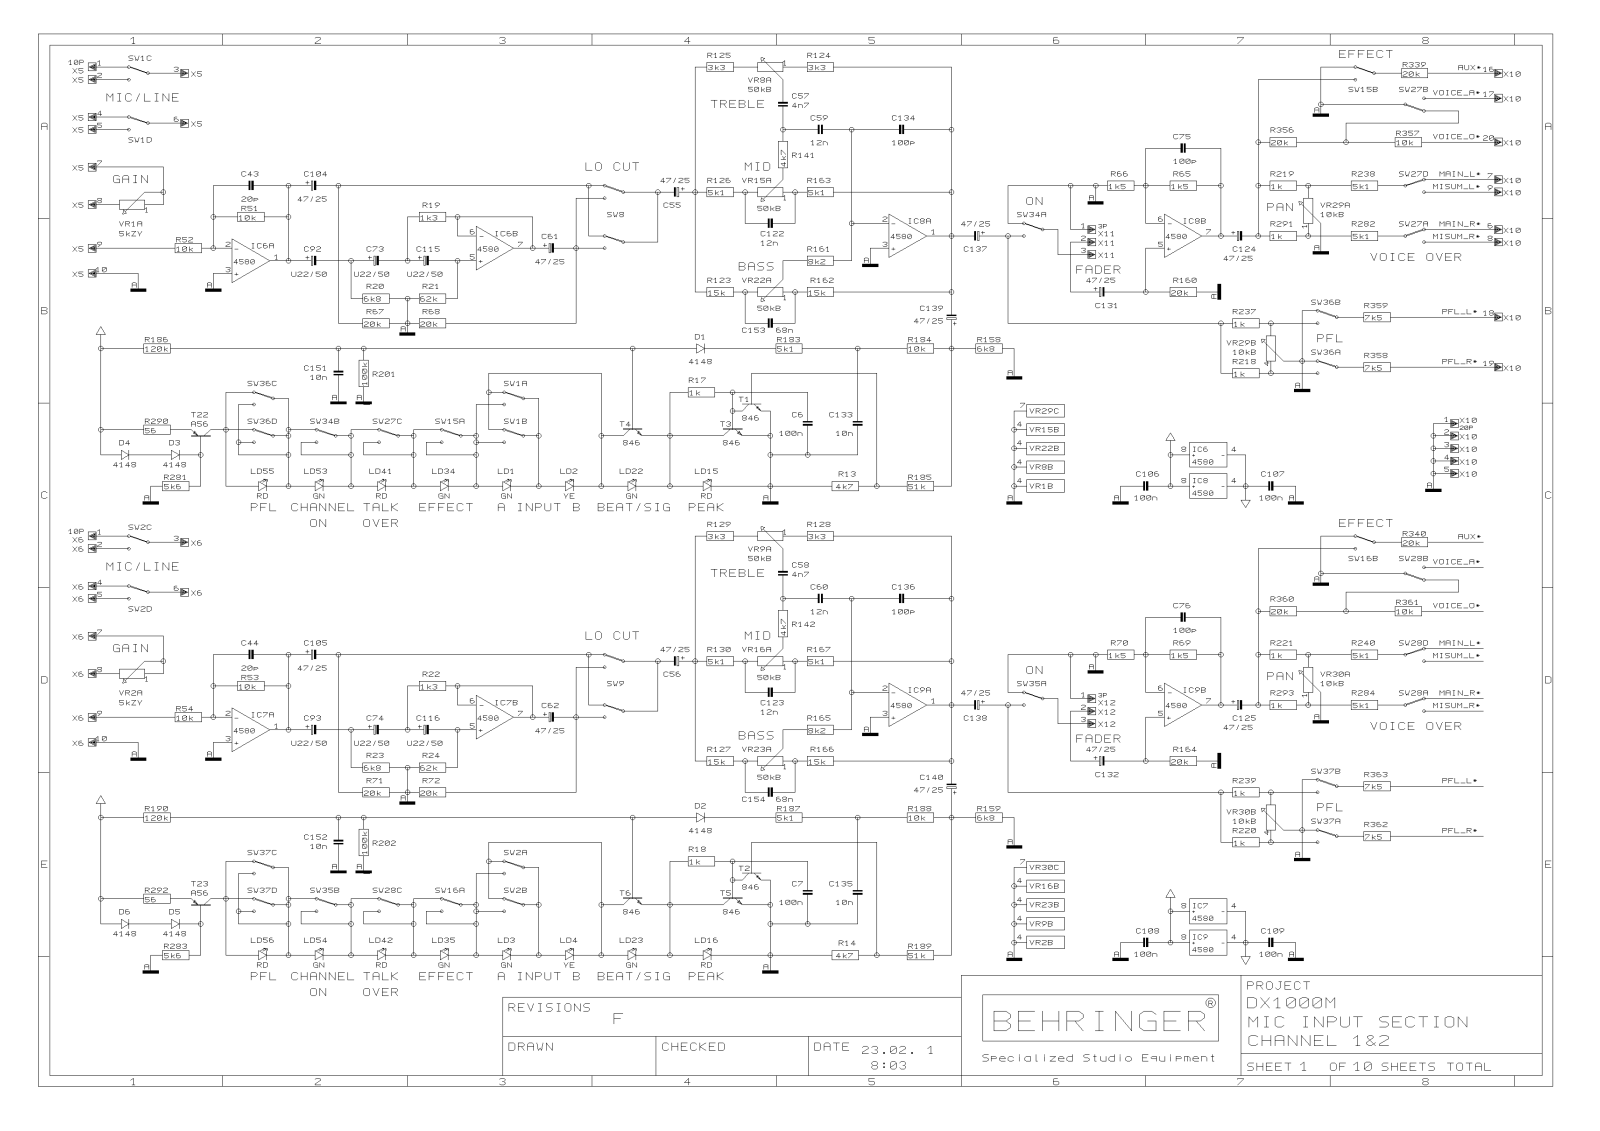 behringer mx8000 power supply schematic
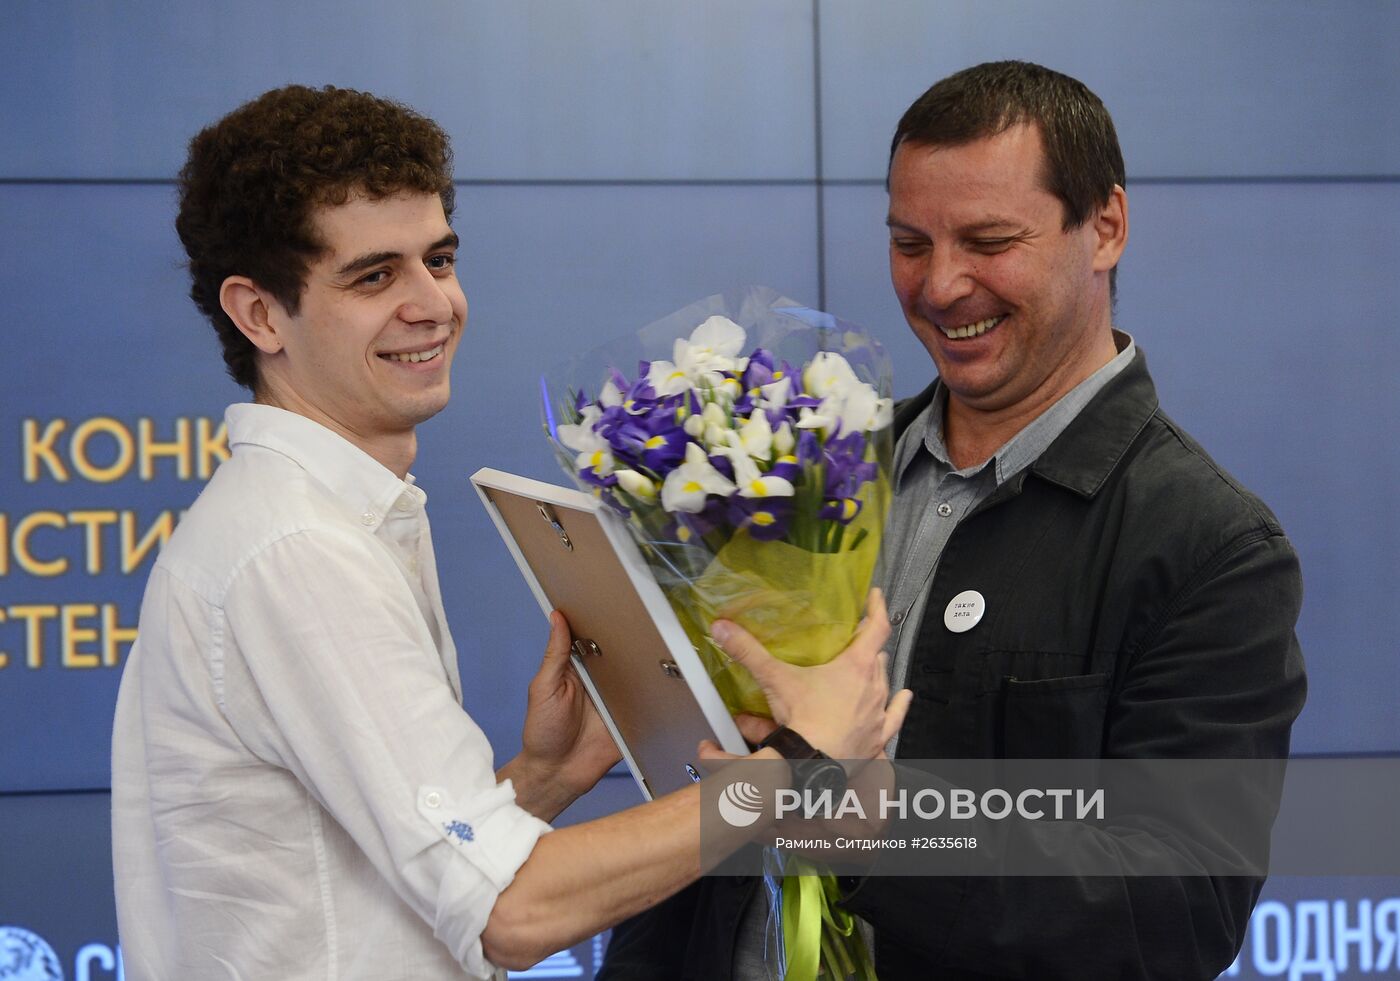 Церемония награждения победителя и призеров Международного конкурса фотожурналистики имени Андрея Стенина
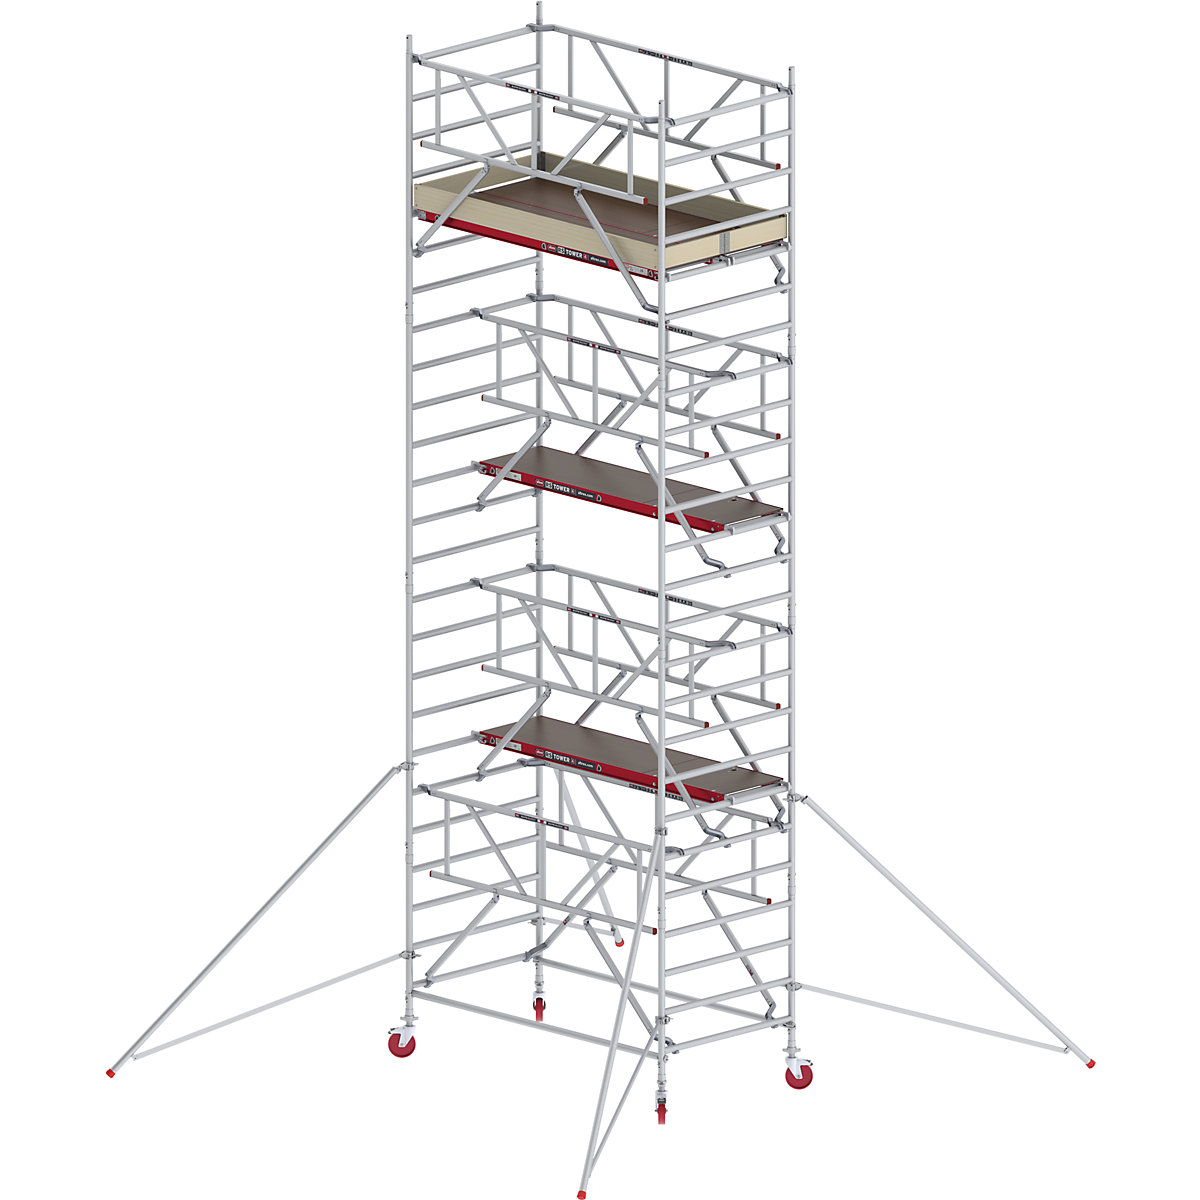 Altrex Fahrgerüst RS TOWER 42 breit mit Safe-Quick®, Holzplattform, Länge 1,85 m, Arbeitshöhe 8,20 m
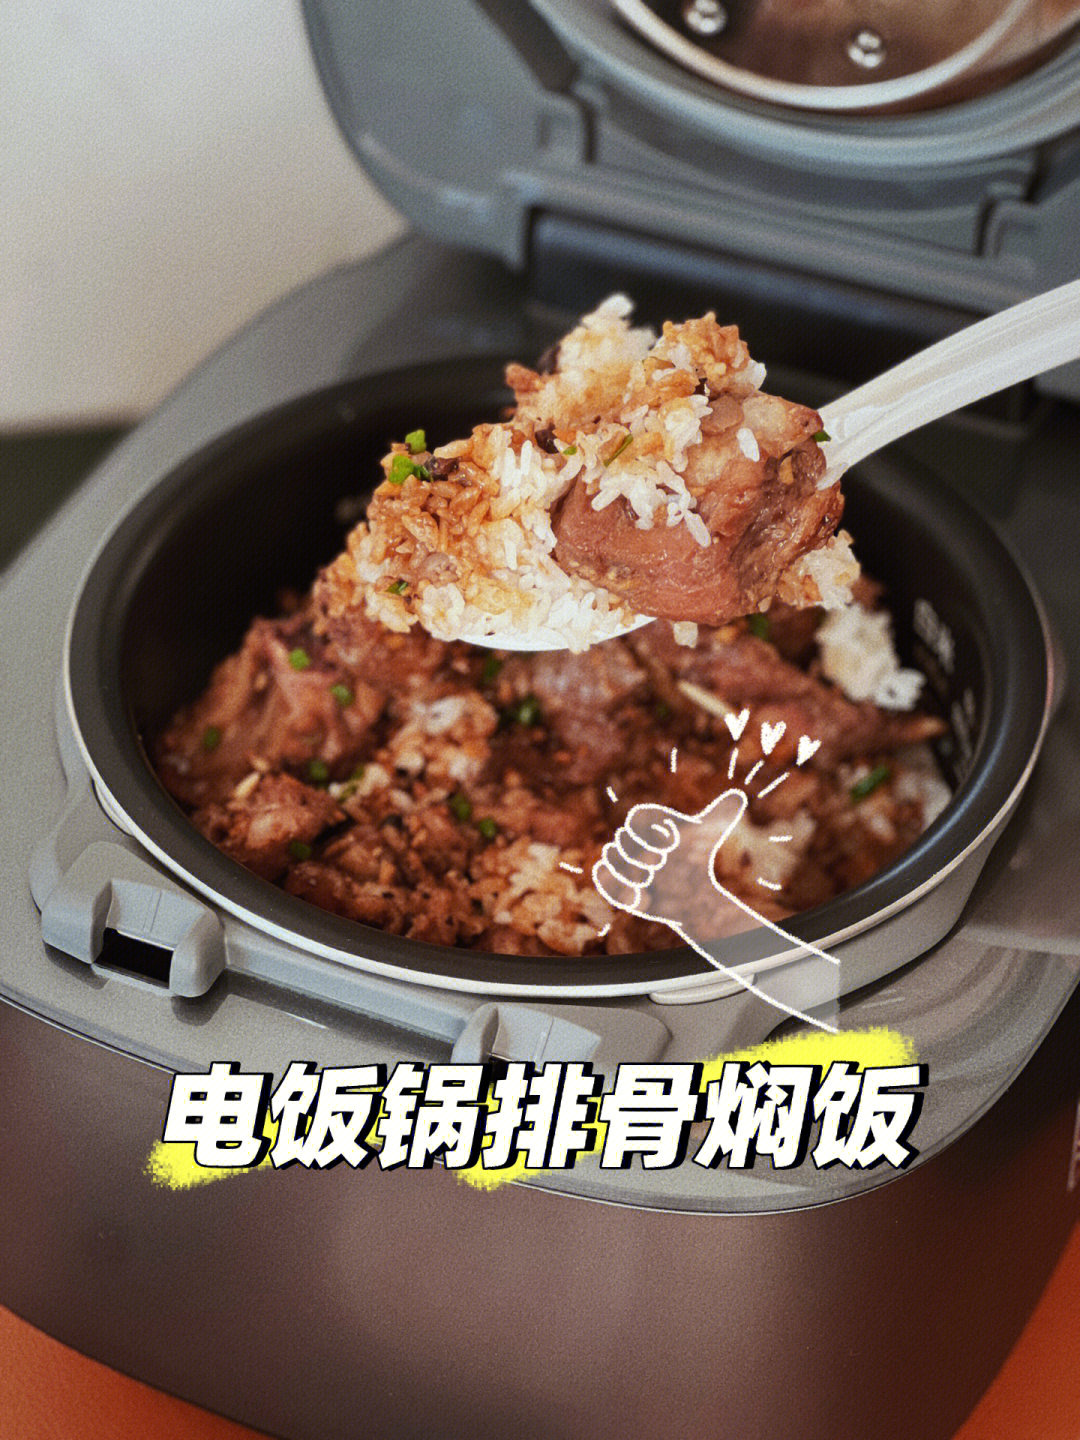 简易版电饭锅排骨焖饭鲜香滑嫩超好吃
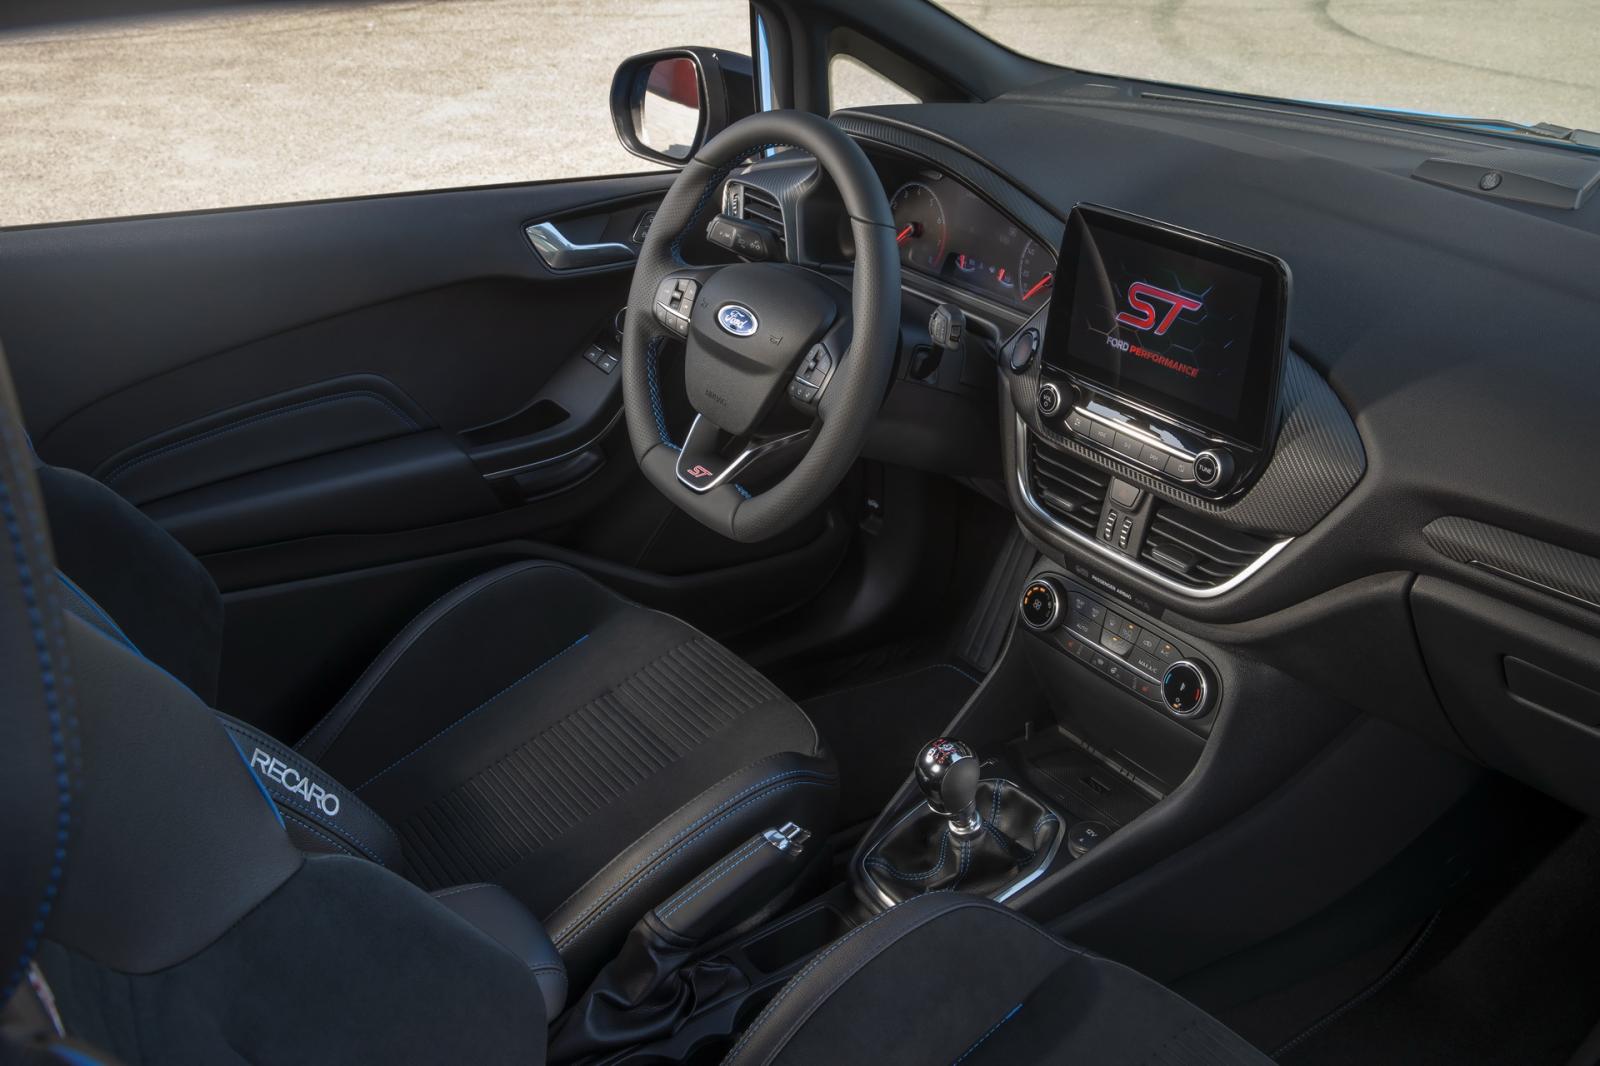 Ford Fiesta ST Edition tích hợp công nghệ cao cấp.
####
### [WHAT YOU WILL DO]
Write the records out again exactly as shown above, keeping no pictures.

### [ANSWER SPACE]
 behringer mx8000 power supply schematic
 Церемония награждения победителя и призеров Международного конкурса фотожурналистики имени Андрея Стенина
 Altrex Fahrgerüst RS TOWER 42 breit mit Safe-Quick®, Holzplattform, Länge 1,85 m, Arbeitshöhe 8,20 m
 简易版电饭锅排骨焖饭鲜香滑嫩超好吃
 Ford Fiesta ST Edition tích hợp công nghệ cao cấp.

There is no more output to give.